- [TASK PROMPT] The line containing "Pique-nique en vélo Stockfoto" and each line after it, through the final line of the data, are to be retyped exactly, with pictures left out.

- [MATERIAL FOR THIS TASK]
Segment Open

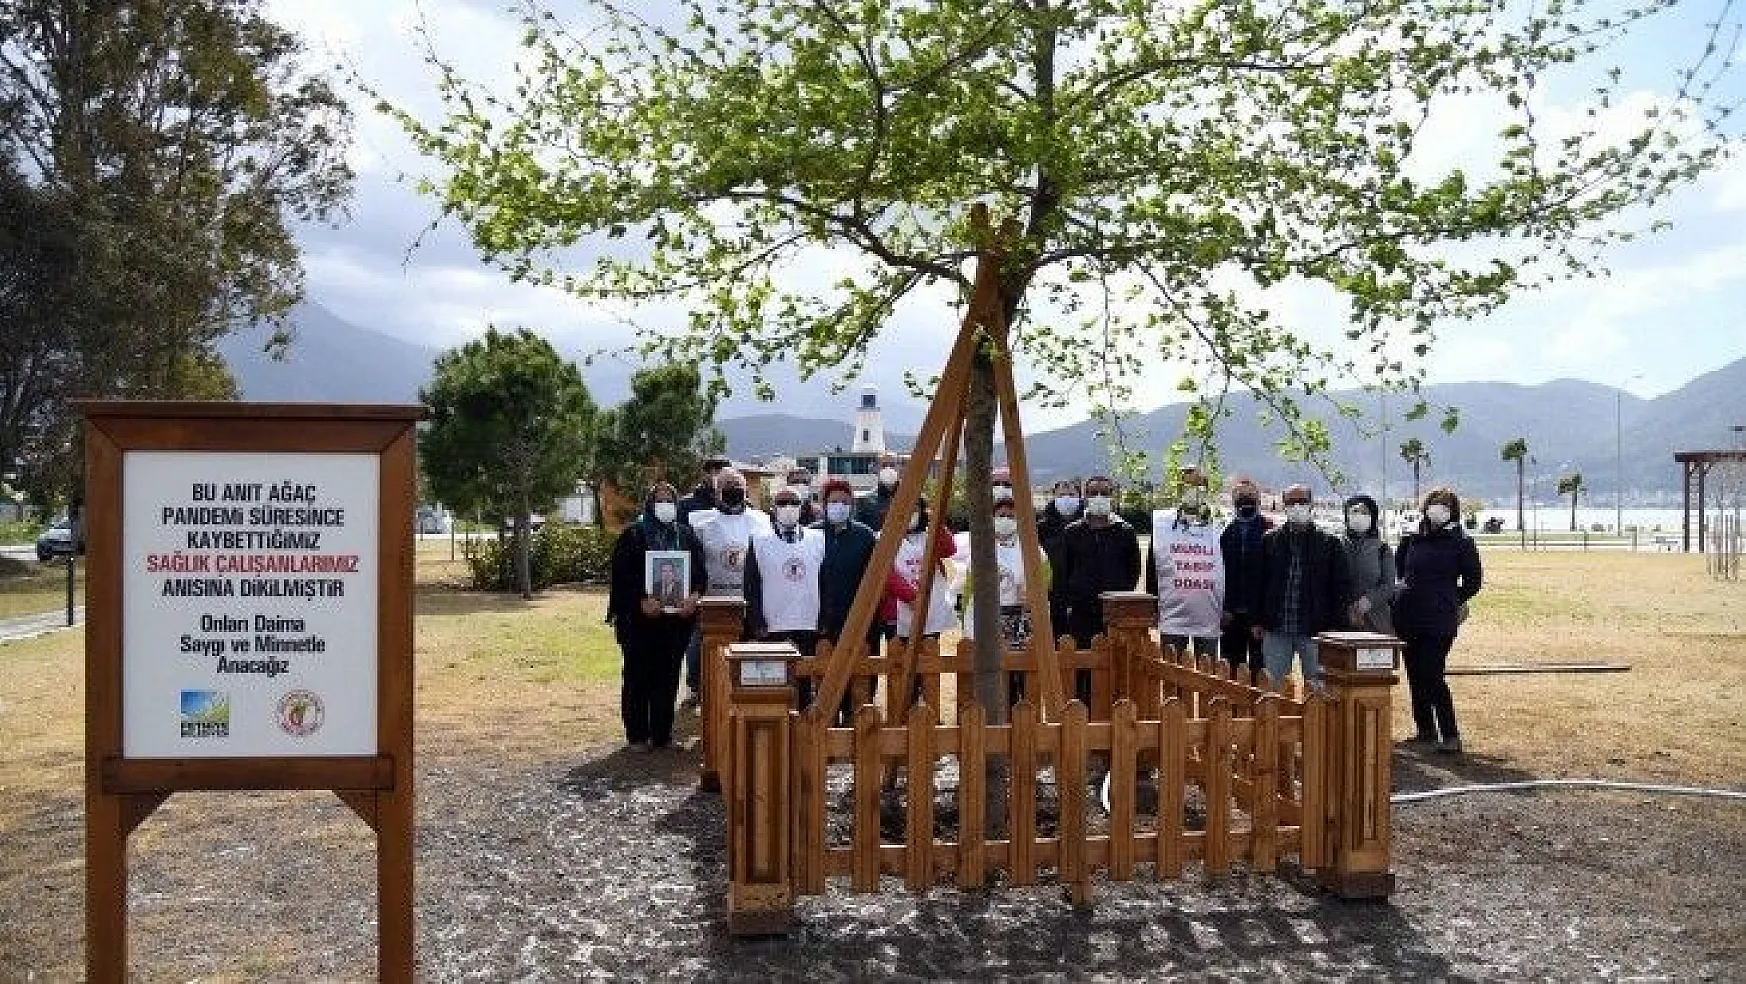 Sağlık Çalışanları için Anıt Ağaç dikildi
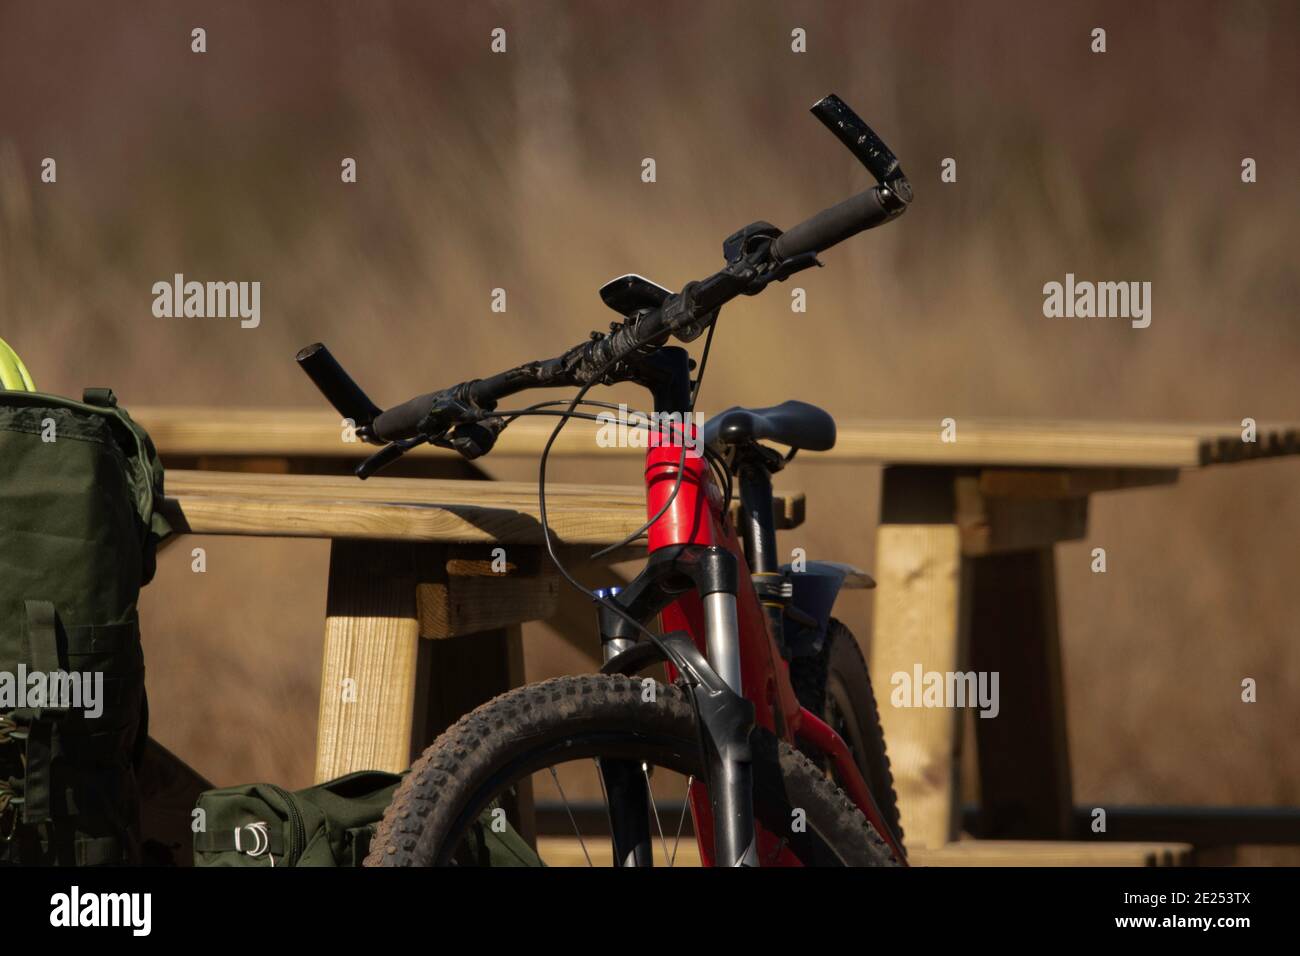 Pique-nique en vélo Stockfoto
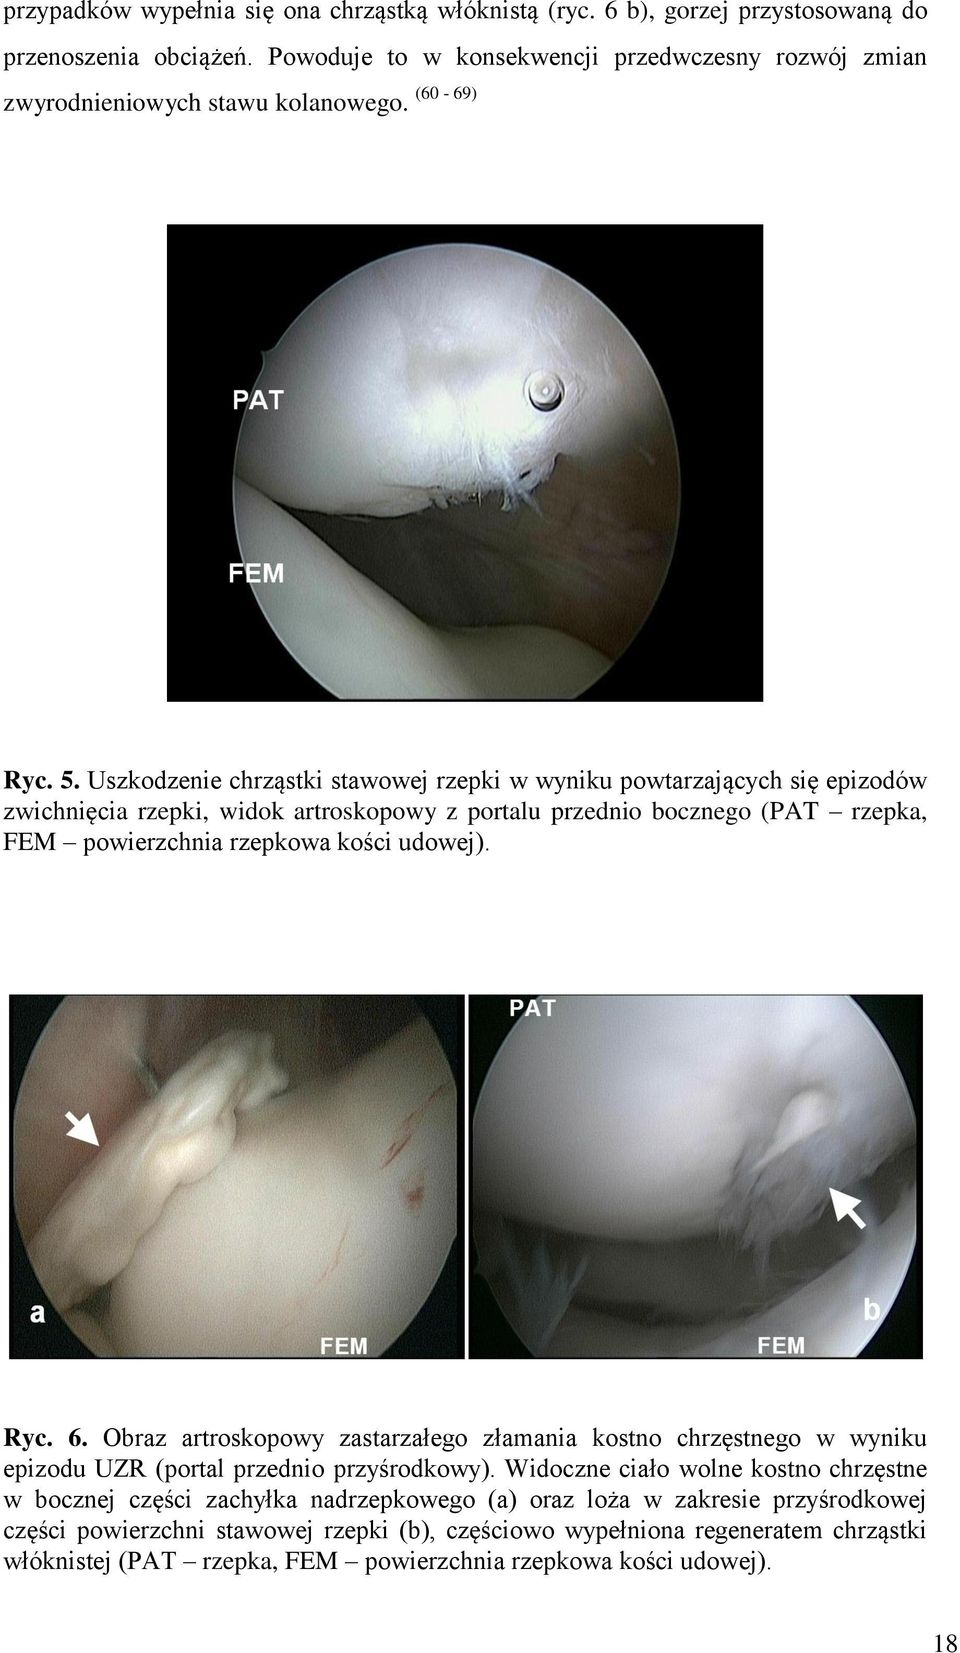 Uszkodzenie chrząstki stawowej rzepki w wyniku powtarzających się epizodów zwichnięcia rzepki, widok artroskopowy z portalu przednio bocznego (PAT rzepka, FEM powierzchnia rzepkowa kości udowej).
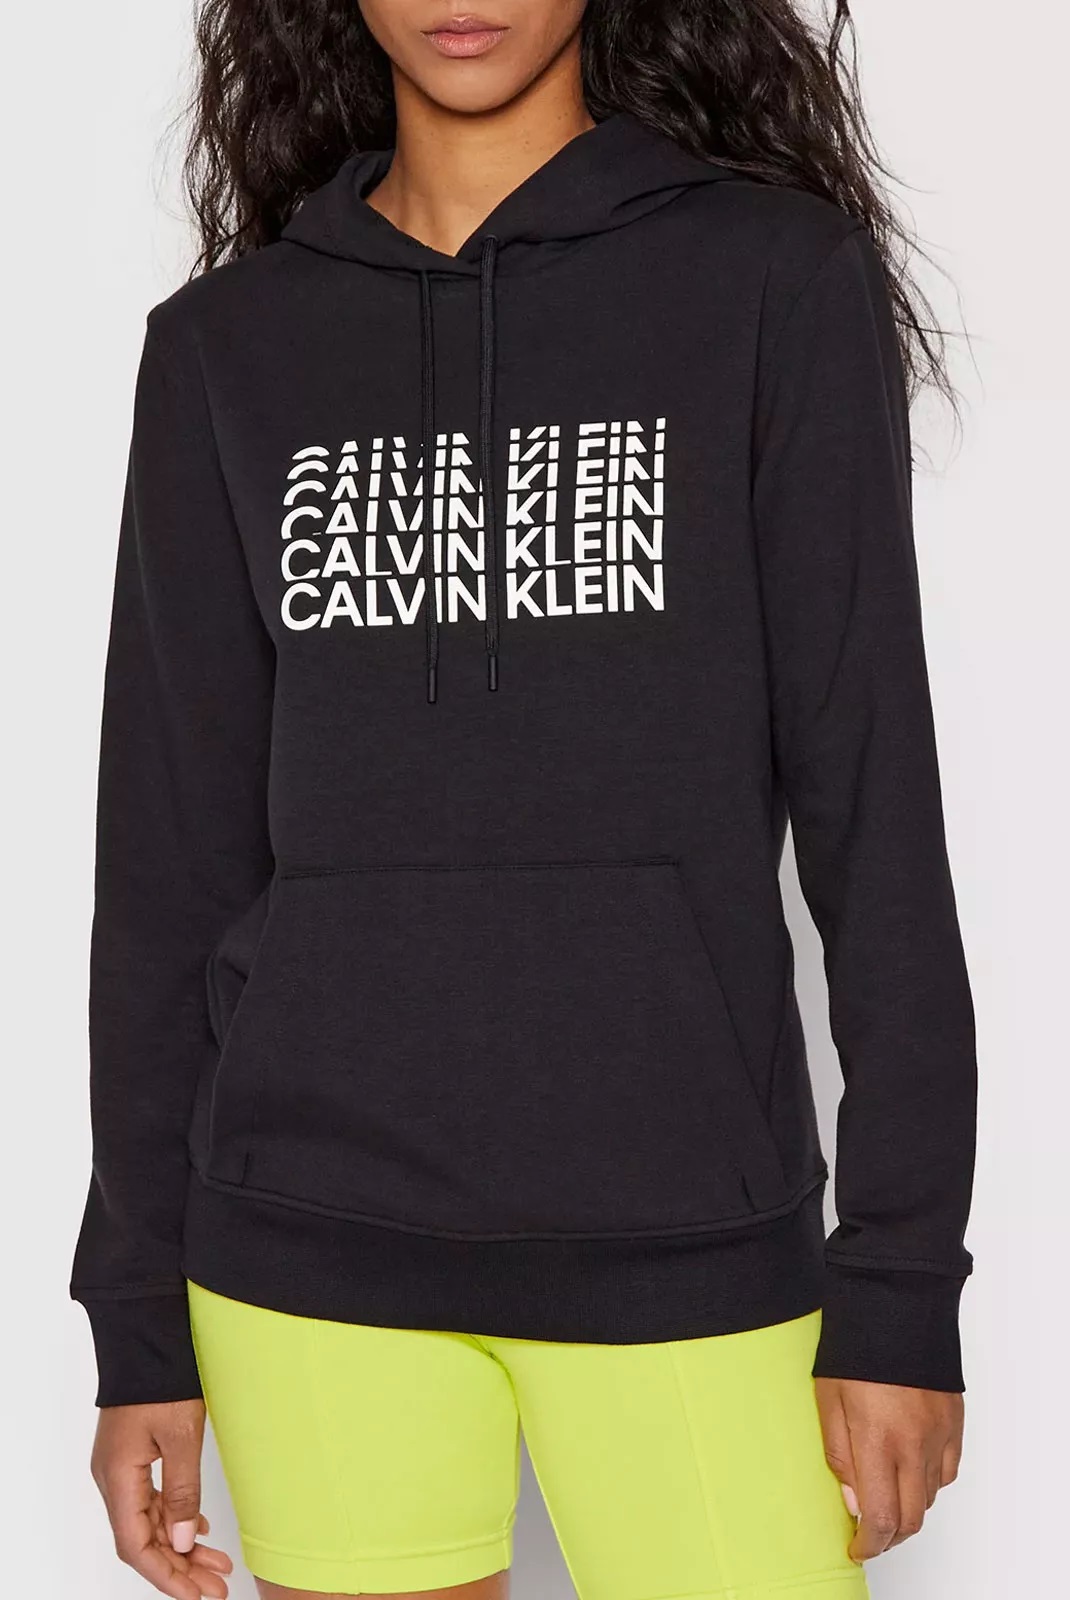 Calvin Klein dámská mikina s kapucí černá Velikost: L
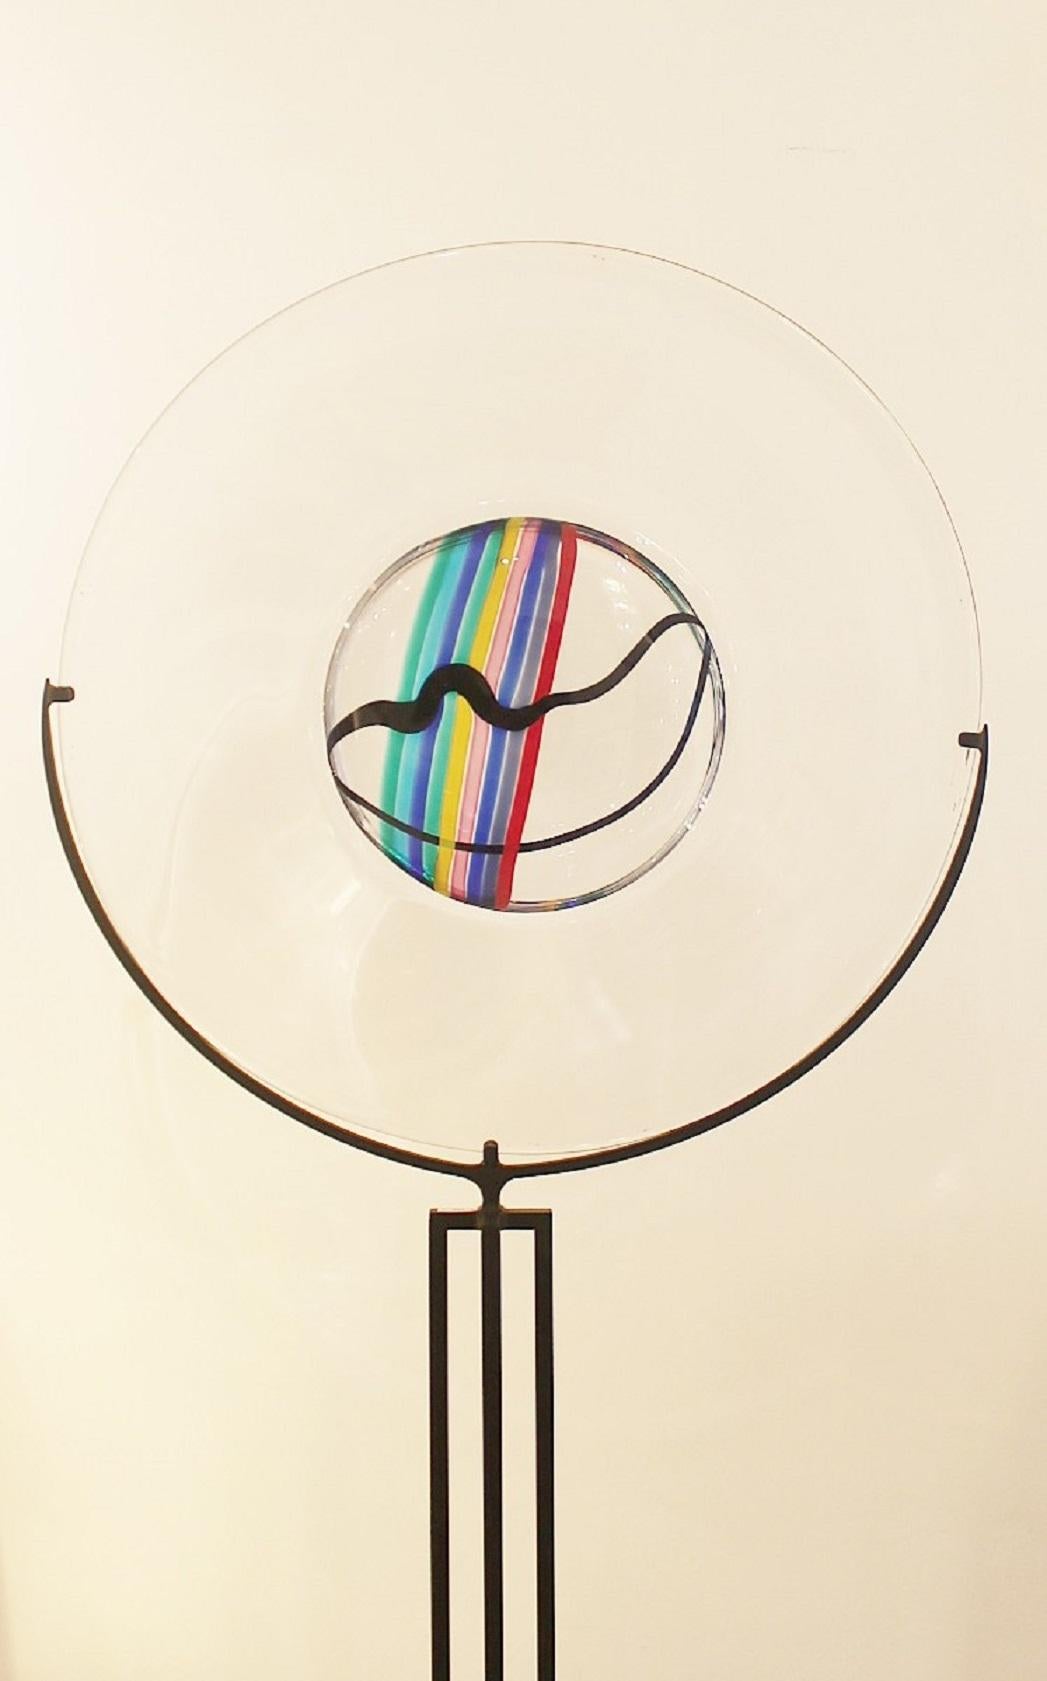 Glass disc by Livio Seguso for Oggetti, Italy, circa 1970s.

Segment Closed

- [ANSWER BELOW]
 Pique-nique en vélo Stockfoto
 Uszkodzenie chrząstki stawowej rzepki w wyniku powtarzających się epizodów zwichnięcia rzepki, widok artroskopowy z portalu przednio bocznego (PAT rzepka, FEM powierzchnia rzepkowa kości udowej).
 Calvin Klein dámská mikina s kapucí černá Velikost: L
 Glass disc by Livio Seguso for Oggetti, Italy, circa 1970s.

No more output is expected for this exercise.